To find talent capable of managing an AI stack, traditional interviews are insufficient. A better test is to provide candidates with platform credits (e.g., Replit) and challenge them to build a functional agent that automates a real business task, proving their practical skills.
When building core AI technology, prioritize hiring 'AI-native' recent graduates over seasoned veterans. These individuals often possess a fearless execution mindset and a foundational understanding of new paradigms that is critical for building from the ground up, countering the traditional wisdom of hiring for experience.
Contrary to the belief that AI architecture is only for senior staff, Atlassian finds that "AI native" junior employees are often more effective. They are unburdened by old workflows and naturally think in terms of AI-powered systems. Senior staff can struggle with the required behavioral change, making junior hires a key vector for innovation.
Instead of replacing junior hires, AI creates a new opportunity: empower high-agency junior talent with powerful AI tools. This strategy creates a force-multiplier effect, allowing a small, specialized team to achieve outsized results by giving them "nuclear power" to tackle complex problems.
A new wave of AI automation is being driven by non-technical staff using agent-based platforms. These knowledge workers are building custom AI solutions for complex business processes, bypassing the need for new software purchases or dedicated engineering resources.
A new role is emerging for employees who identify business inefficiencies and direct AI agents to build custom software to solve them. This 'vibe coder' doesn't need to write code but acts as a problem-finder and agent-manager, creating bespoke internal tools that are superior to off-the-shelf software.

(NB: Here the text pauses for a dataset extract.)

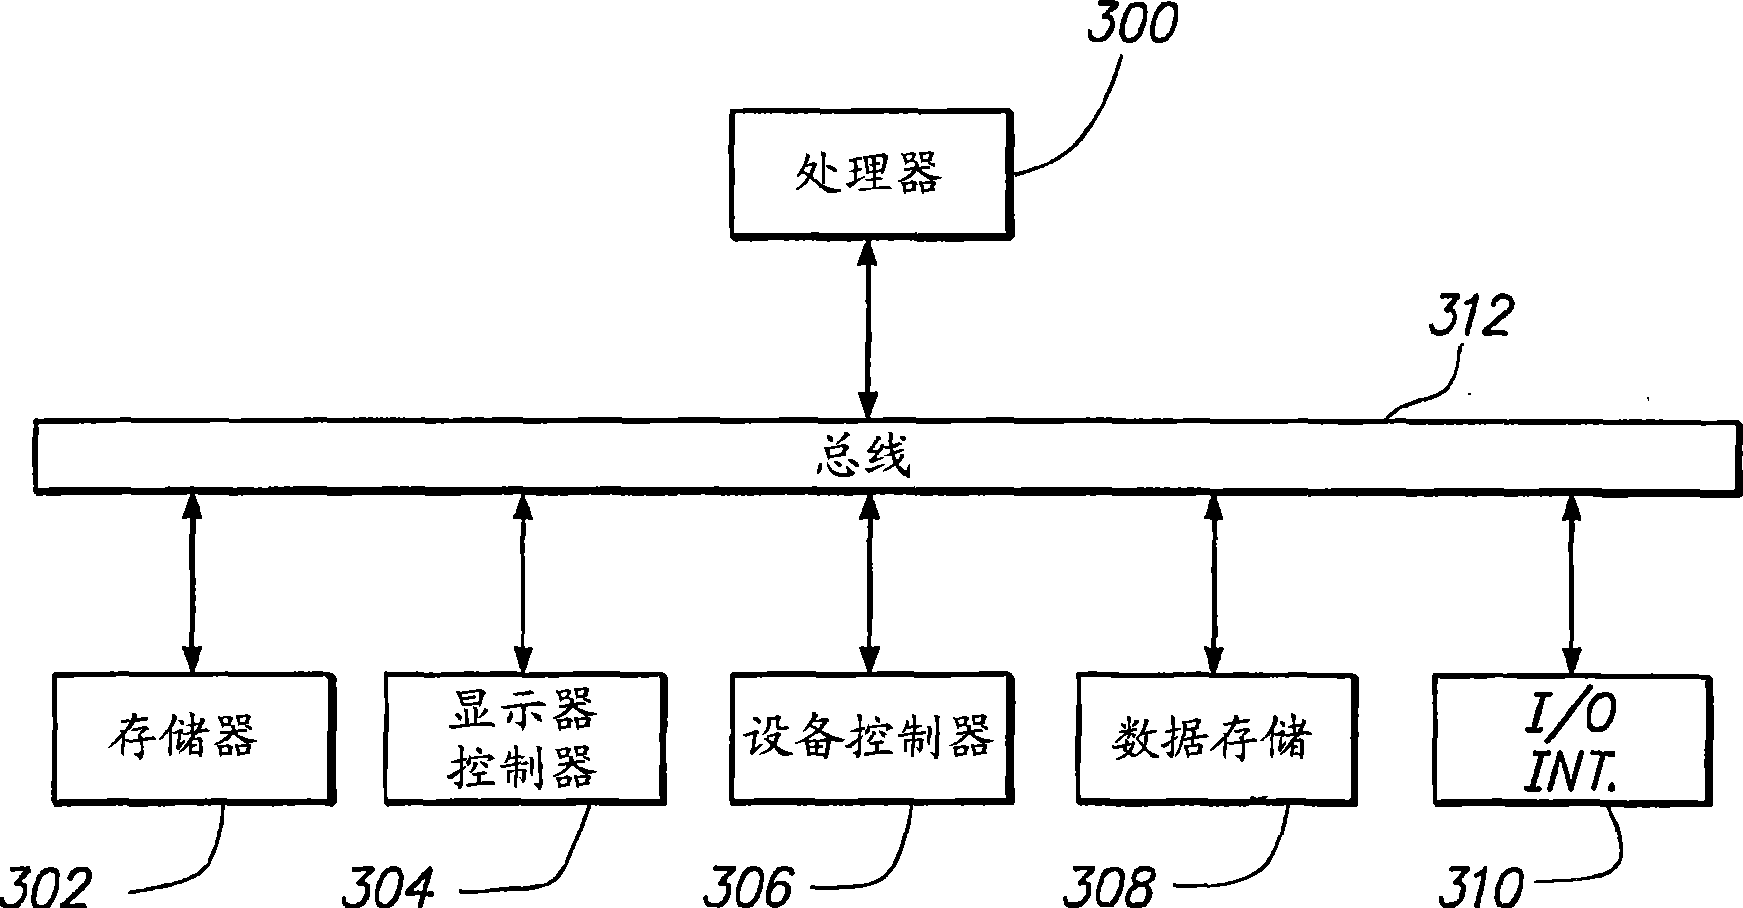 Scaling and layout methods and systems for handling one-to-many objects

At Block, the most surprising impact of AI hasn't been on engineers, but on non-technical staff. Teams like enterprise risk management now use AI agents to build their own software tools, compressing weeks of work into hours and bypassing the need to wait for internal engineering teams.
Unable to secure budget for a human chief of staff, Webflow's CPO built her own using AI agents. This system automates complex, recurring tasks like podcast research and data prep, demonstrating how executives can use AI to gain significant personal leverage without increasing headcount.